Encrypts input binary data using the RSA algorithm and a recipient’s public key. See Section 3.1 [RFC 8017].

`FIRST_CHAR`

Returns the first character of the given string.

Example: FIRST_CHAR("abc") => "a"

`FORMAT_DATE`

Returns the given date as a formatted string in the yyyy-MM-dd format.

Example: FORMAT_DATE(date) => "1997-01-01"

`IS_VALID_SSN`

Returns TRUE if the input string is a valid US Social Security Number and FALSE otherwise [SSA 1982, SSA 2011].

The string must be exactly 9 numeric characters.
The first character must not be a “9”
The area number must not be “000” or “666”
The group number must not be “00”
The serial number must not be “0000”

`LOWERCASE`

Convert all alpha characters of a string to lowercase. Leave digits and whitespace unchanged.

Example: LOWERCASE("ABC 123") => "abc 123"

`METAPHONE`

Returns the Metaphone phonetic encoding of a string [Philips 1990].

Example: METAPHONE("Healthcare") => "HL0KR"

`NULL_IF_NOT`

Takes a boolean condition and a value. If the condition is true, returns the value unchanged.

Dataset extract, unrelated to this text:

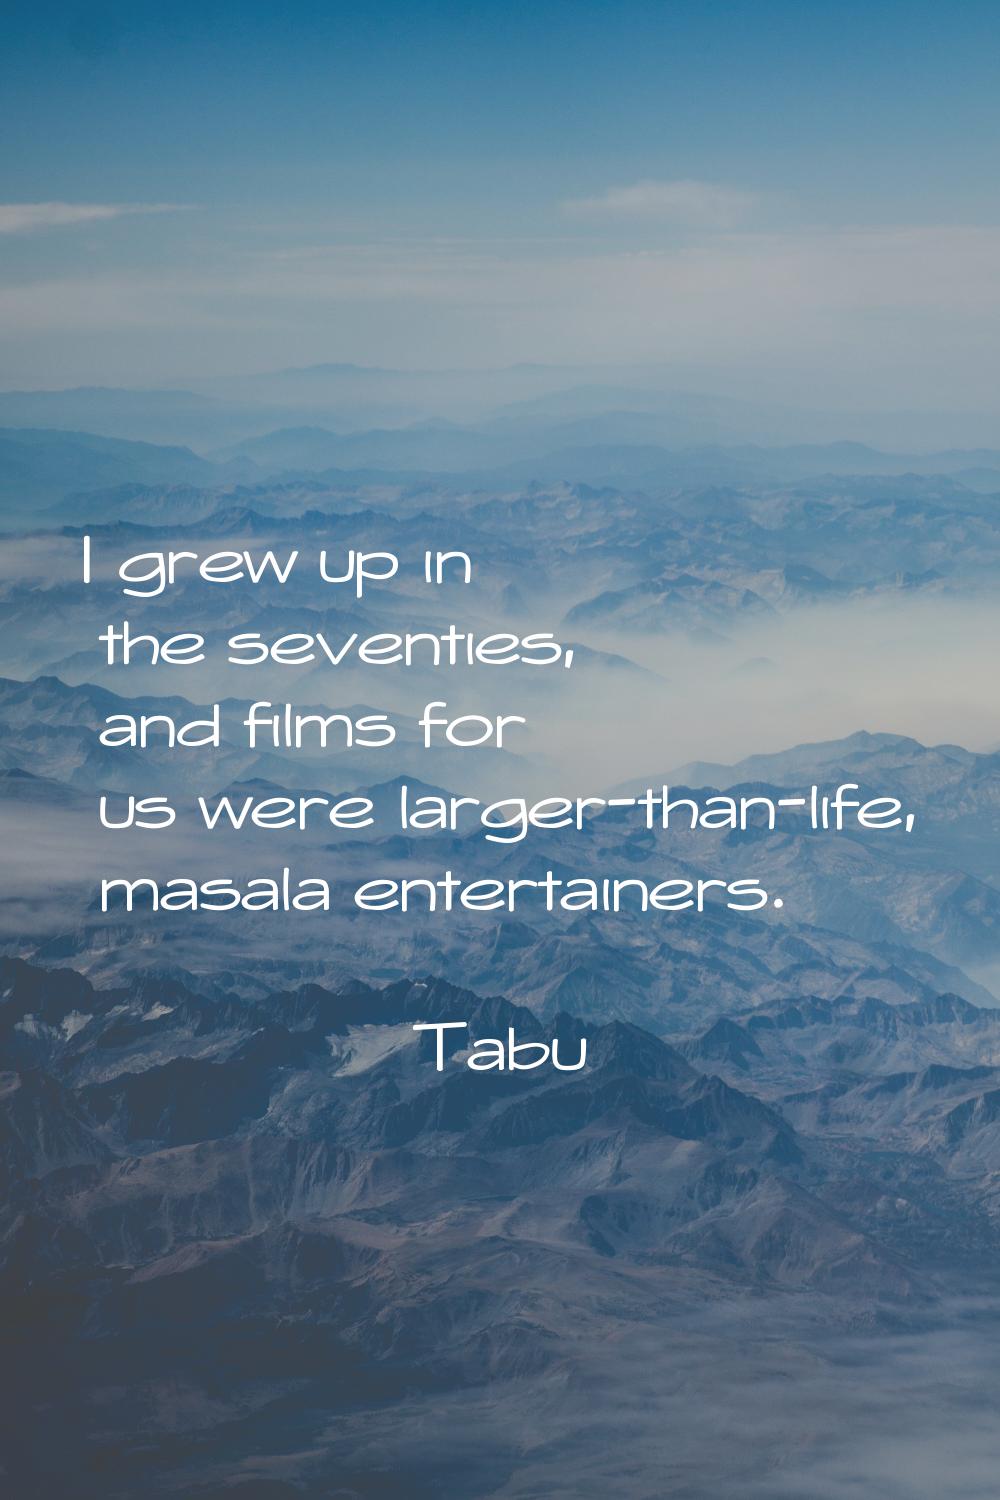 I grew up in the seventies, and films for us were larger-than-life, masala entertainers.

Otherwise return NULL.

Example:

NULL_IF_NOT(TRUE, "abc") => "abc"

NULL_IF_NOT(FALSE, "abc") => NULL

`PARSE_DATE`

Parses a date (or timestamp) from a string of text. The exact logic will vary by use case depending on the format of the input string.

`REMAP`

Remaps the input value according to a lookup table. Non-null input values that are not found in the lookup table are given a default output value.

NULL values in the input are propagated as NULL output values.

Example:

lookup = {"A" -> "X",
          "B" -> "Y",
          "C" -> "Z"}
REMAP("B", lookup, default="unknown") => "Y"
REMAP("D", lookup, default="unknown") => "unknown"
REMAP(NULL, lookup, default="unknown") => NULL

`REMOVE_WS`

Remove all whitespace characters from the given string.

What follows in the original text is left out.